Caroline, Gene, Fr. Vince and I went to lunch in town, then I did a bit of shopping for pilgrimage extras at the local sporting goods shop: a couple pairs of socks that I've come to like better than the others (Bridgedale: you make great trekking socks!), some boot wax and a small bottle of mosquito repellent. My ambling slowly about Leuven seemed fine enough, though it took a while for a more natural gate to begin returning. I was grateful and hopeful for a Monday return to Tonnerre, France and the continuation of my pilgrimage southwards.

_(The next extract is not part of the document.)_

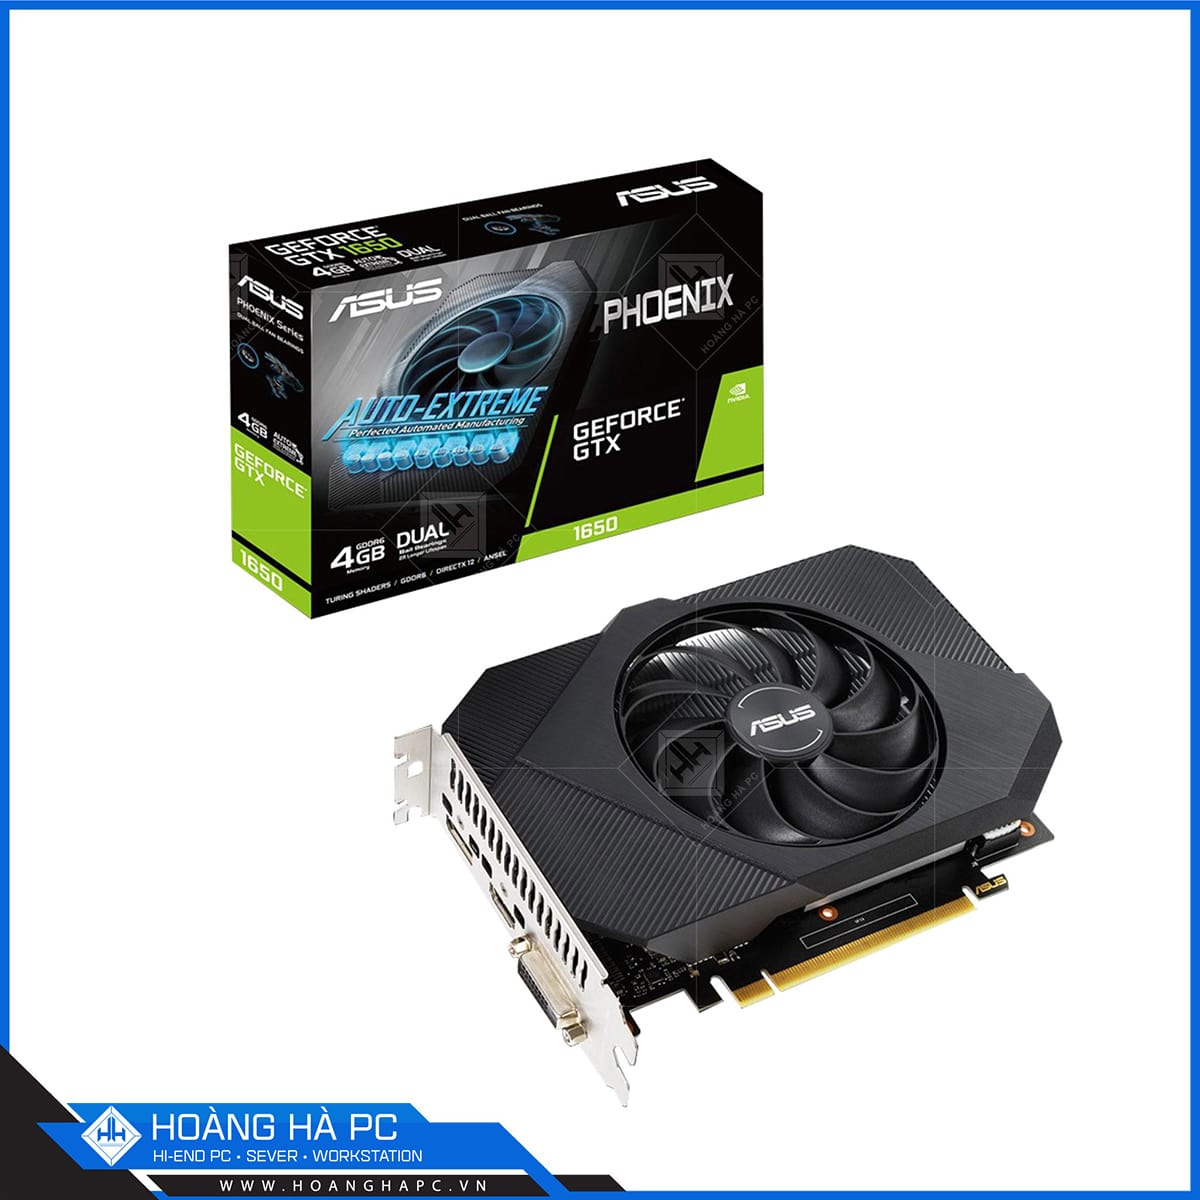 ASUS Geforce GTX 1650 4GB GDDR6 Phoenix

Saturday was a different story. I decided to take my new tendon out for a "test drive" so put on my boots at midday and headed down the main shopping street of Waterloo, the Chaussee de Bruxelles. I walked easily and lightly, being extra careful of potholes in the sidewalk and stepping up and down over curbs. I walked for an hour before deciding to turn back and did so with no problem whatsoever. I was thrilled. Shortly after turning back up the Chaussee, I noticed a bit of sensitivity in my lower left leg again, but not bad. I was back in the rectory in less than 35 minutes, and as a precaution, iced the tendon before taking a shower and getting ready for the 5:00 pm Mass, which I had offered to take for Vince, who was busy with two weddings in the afternoon. While at church, I noticed more ache. I reached down under my alb to feel the tendon; with great disappointment, I realized that the grating feeling in the tendon was back in full, which means the inflammation is back. By late evening, it was aching as it did even before the cast went on two weeks ago. Today, it is slightly better, but a long way from good enough for walking 20 kilometers every day.

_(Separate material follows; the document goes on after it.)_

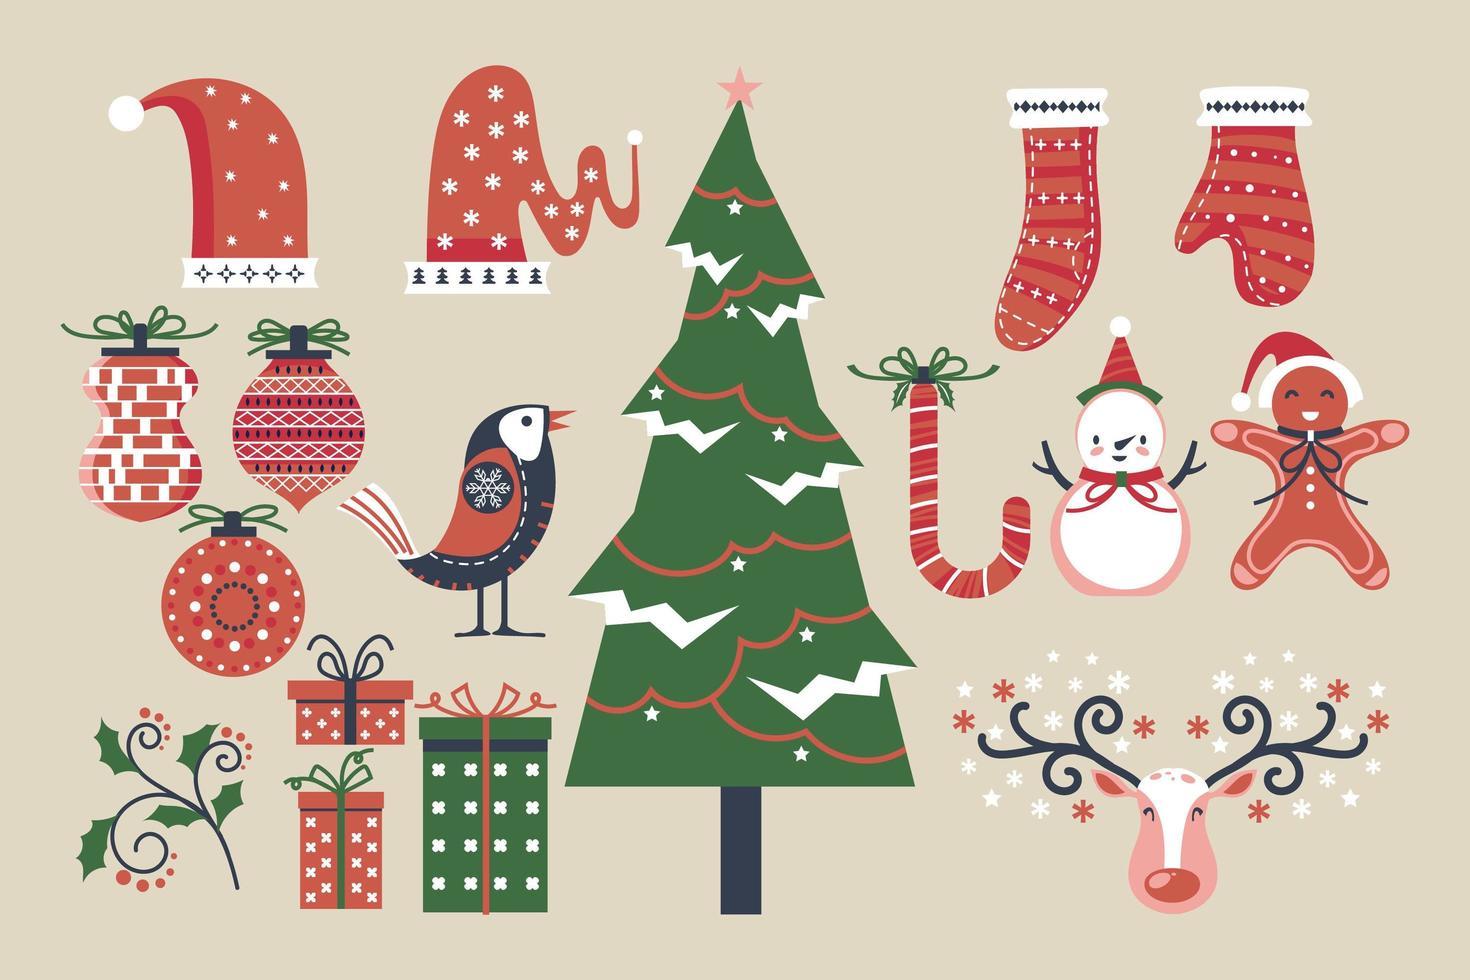 conjunto de elementos de navidad y año nuevo vector

So there will be no return to Tonnerre on Monday and probably not for the rest of this week at least. I am taking an oral anti-inflammatory, continuing with icing it and lightly stretching it, and hoping and praying that it will heal soon, but the clock is ticking and the days available for me to walk are only decreasing as I wait. I have in my mind a not-so-firm "deadline" for continuation of the pilgrimage: the end of this month of August. If it is not ready to go by then, well...

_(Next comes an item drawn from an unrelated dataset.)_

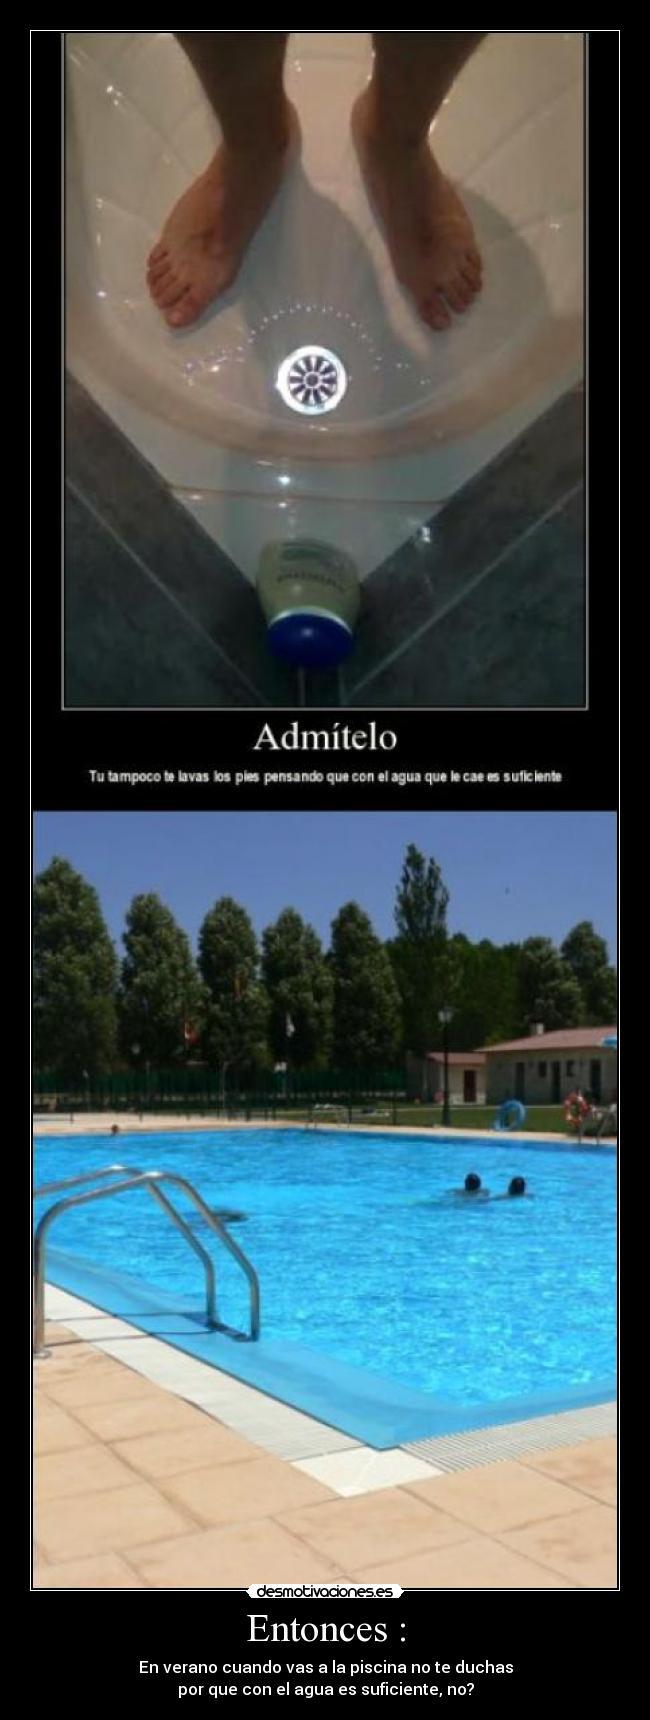 Usuario pepito desmotivaciones for Pepito piscina

My disappointment is real enough, but it is bounded by my new-found sense of "living in the present," not fretting about what I can't control, as well as by the on-going encouragement of my friends, particularly Gene and Caroline Foley. "Don't give up yet!" they tell me. "You still have plenty of time to accomplish MOST of your mission, if not all of it!" They are absolutely right and I am so appreciative of their cheering me on.

So, Santiago, Jacques, Big Jim: if you want me to keep on walking your way, fix this thing! If not, I'll find other ways to stay connected to you and your Way during these precious months with nothing else to do but be a pilgrim...or help your pilgrims.